Problem statement »
Where the records below show a line containing "tre cereali con salmone e zucchine", start copying; end with the line containing "Bupati Sugiri Sancoko", and copy it too.

Dataset content »

::::::

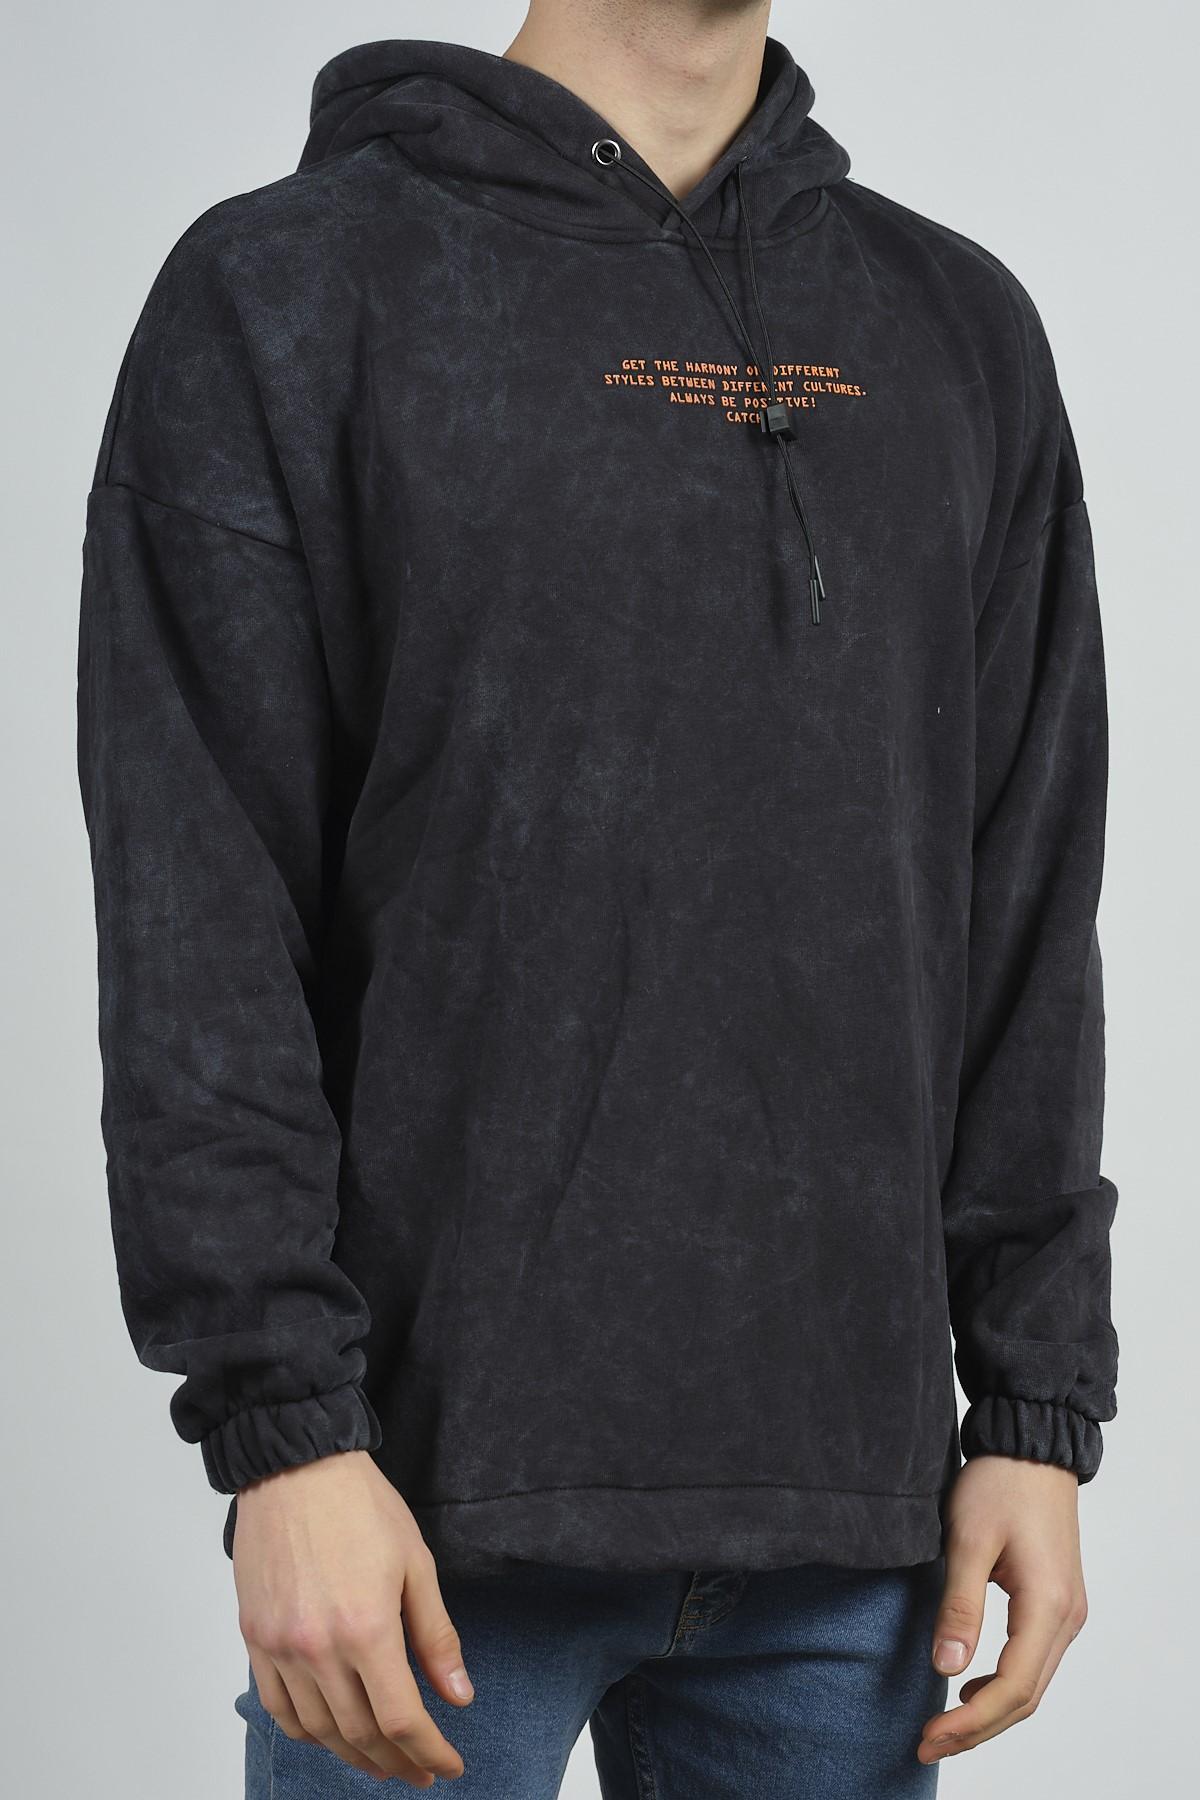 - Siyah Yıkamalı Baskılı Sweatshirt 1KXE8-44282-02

::::::

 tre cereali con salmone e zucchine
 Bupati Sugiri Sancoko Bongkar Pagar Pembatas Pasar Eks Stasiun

::::::

Output »
 tre cereali con salmone e zucchine
 Bupati Sugiri Sancoko Bongkar Pagar Pembatas Pasar Eks Stasiun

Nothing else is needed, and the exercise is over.